International Cancer Conference Journal
Tsutomu Namikawa, Sachi Tsuda, Kazune Fujisawa, Eri Munekage, Jun Iwabu, Masaya Munekage, Sunao Uemura, Shigehiro Tsujii, Hiromichi Maeda, Hiroyuki Kitagawa, Mitsuko Iguchi, Ichiro Murakami, Michiya Kobayashi, Kazuhiro Hanazaki


We report a case of intrahepatic bile duct adenoma (BDA) detected during laparoscopic distal gastrectomy for gastric cancer. A 70-year-old man was referred to our hospital for the treatment of gastric cancer. Esophagogastroduodenoscopy revealed an irregular, nodular, and elevated lesion on the greater curvature side of the middle third of the stomach. Abdominal contrast-enhanced computed tomography showed wall thickening with homogeneous enhancement in the middle part of the stomach, and no lesions in the liver. The patient underwent laparoscopic distal gastrectomy with regional lymphadenectomy, and during the operation a small whitish nodule was observed on the lateral segment of the liver surface. The lesion was excised by partial resection of the liver for the purpose of both histological diagnosis and treatment. Pathological examination of the liver lesion revealed no structural or cellular atypia, no stromal invasion, and immunohistochemical positivity for CK7 and CK19, but negativity for p53. The final diagnosis was well-differentiated adenocarcinoma invading the gastric serosal layer without lymph node metastasis, and intrahepatic BDA measuring 0.4 × 0.3 cm.

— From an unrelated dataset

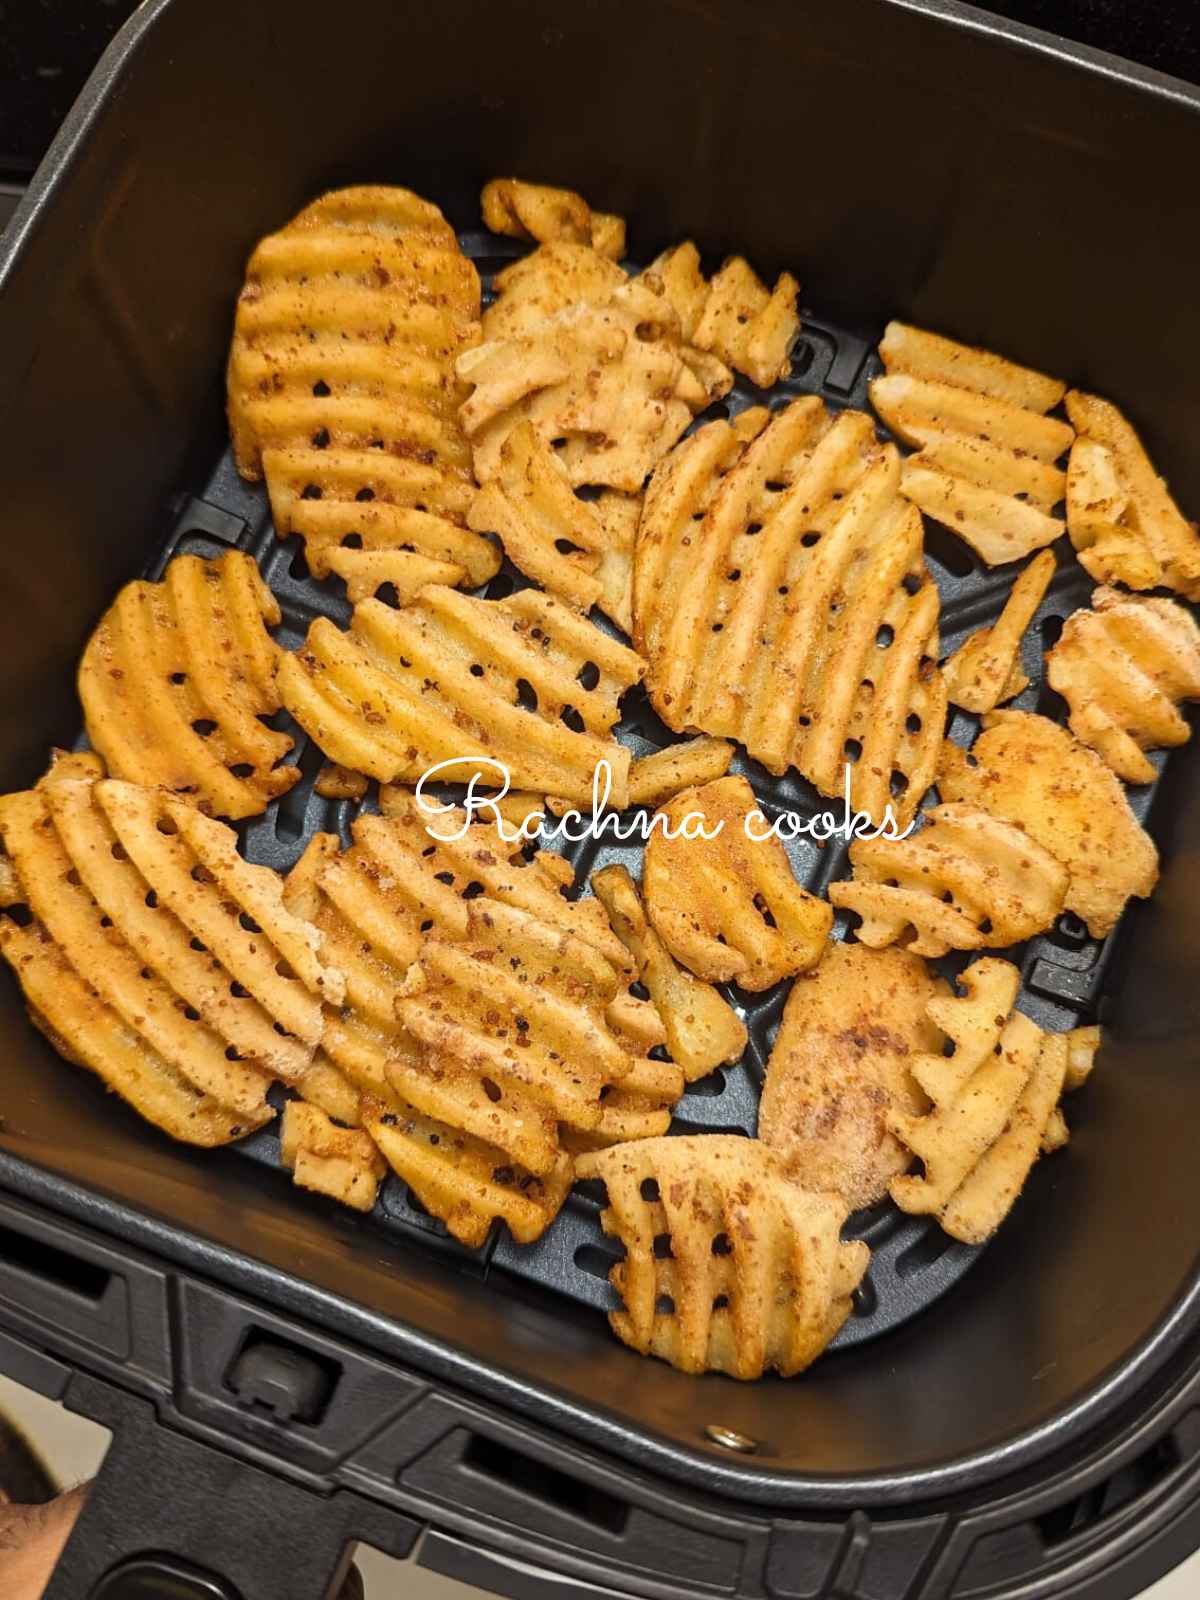 Frozen waffle fries placed in air fryer basket.

Following surgery, the patient remained symptom-free without evidence of recurrence for 5 months. To the best of our knowledge, this is the first case of BDA with gastric cancer. Because it is difficult to distinguish BDA from other liver tumors including metastatic cancer due to its characteristically small size and lack of specific morphological features on standard imaging, surgical resection should be considered as the most suitable approach for both accurate diagnosis and treatment.